I have heard this a few too many times recently: “We can’t build an AI agent yet. Our knowledge base / data catalog / … isn’t ready.”

These and other variations of this sentence stop many AI projects before they even begin. Support agents don’t materialize because the documentation isn’t perfect. AI analysts never appear because the data catalog isn’t complete. Before an agent can be productive, we assume it needs access to a perfectly curated set of tools.

The assumption behind all of this is simple: agents can only be as good as the information they start with. But there is another way to look at this: agents become better as we help them get access to better information.
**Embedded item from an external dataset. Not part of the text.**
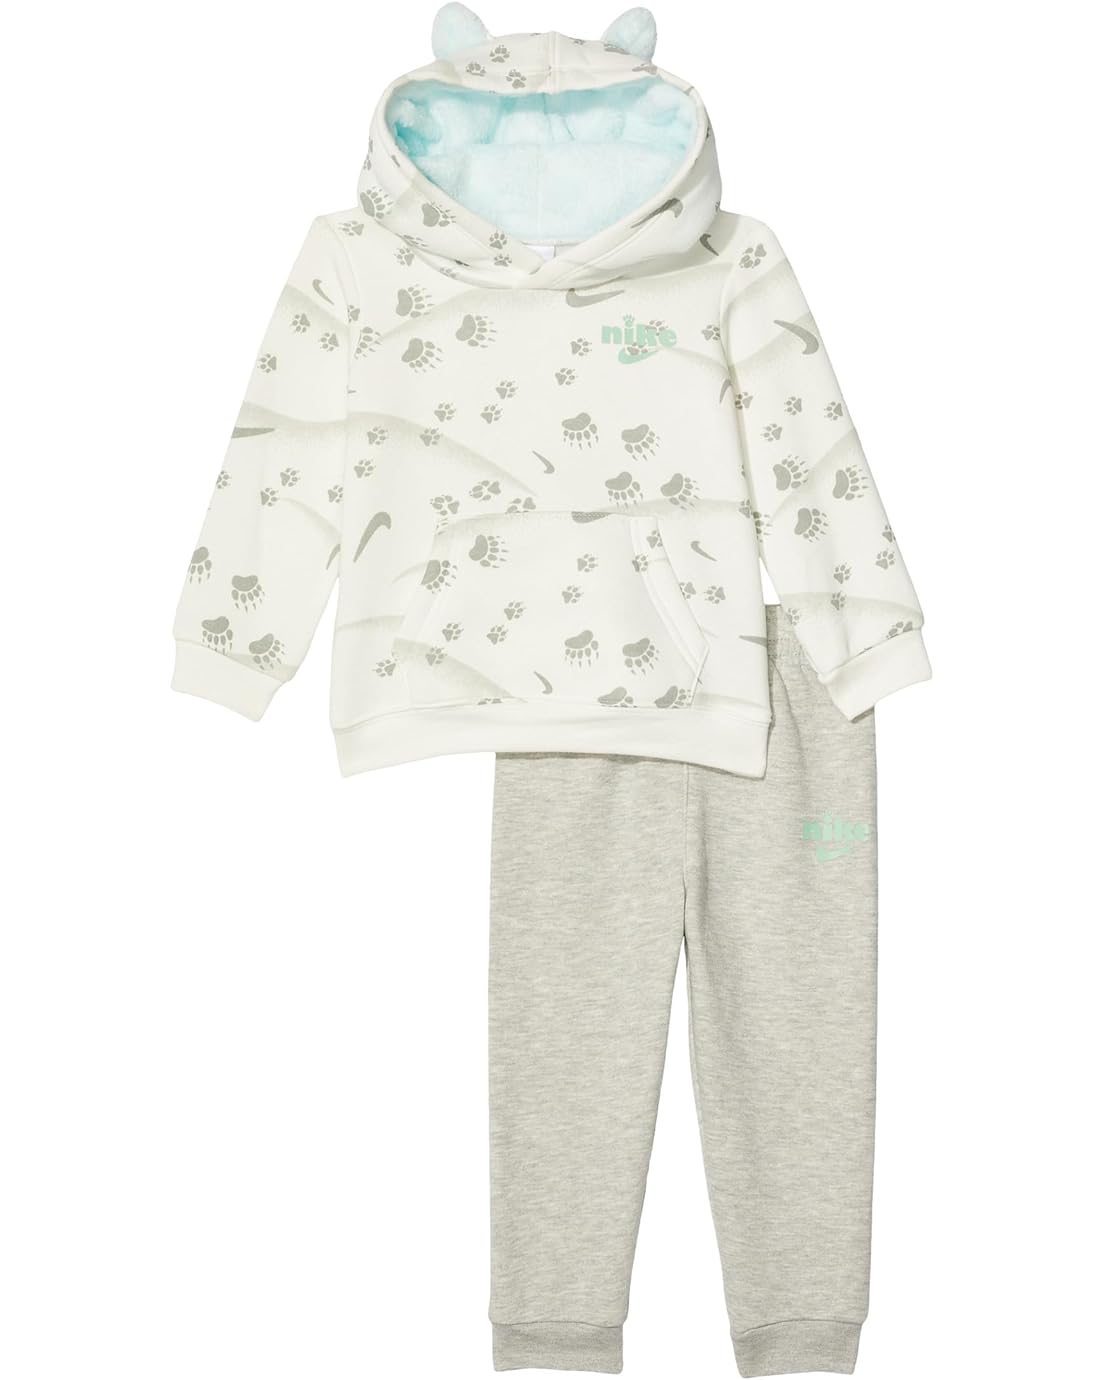 Nike Kids Track Pack Fleece Pullover Set (Infant)

It’s a small shift in perspective but it changes fundamentally how AI projects begin. We don’t need a perfectly curated environment before starting. We can begin with an incomplete agent and let it improve through interaction with the people who already understand the system.

In the early stages, the agent’s most important asset is the human expert.

Take the example of an AI analyst. Early on, the agent will reach out to the data team frequently, often with simple questions: Where can I find this dataset? Which table contains this metric? What system owns this information?

Those questions might seem trivial, but each answer helps the agent understand the organization’s data landscape a little better. Over time, the agent is not just answering questions — it is implicitly building the data catalog that people thought needed to exist beforehand.

The same pattern appears elsewhere. A support agent gradually builds its knowledge base from resolved cases and expert input. An operations agent learns which tools exist and how they can be used. The environment becomes better structured because the agent is working within it.

Instead of requiring perfect structure upfront, the agent helps create that structure over time.

This perspective also aligns with how many successful AI rollouts are described: organizations move from managing people to managing agents.

In the beginning, teams like the data group still answer many questions. But instead of responding directly to management, they increasingly help the agents access the right information so the agents can answer those questions themselves.

And as the agents become more capable, the role of the human expert evolves again. The data team spends less time responding to “Where is this information?” and more time working behind the scenes — monitoring agents, improving data access, and making sure the system continues to produce better and better answers. With that, the team also continues to ensure that the answers of the AI analyst can be trusted.

The lesson is simple: the barrier to starting AI projects is often lower than we think. We don’t need a perfectly curated knowledge base, a flawless data catalog, or a fully documented toolset before we begin.

Agents shouldn’t have to wait for a perfectly organized environment — they should help create it.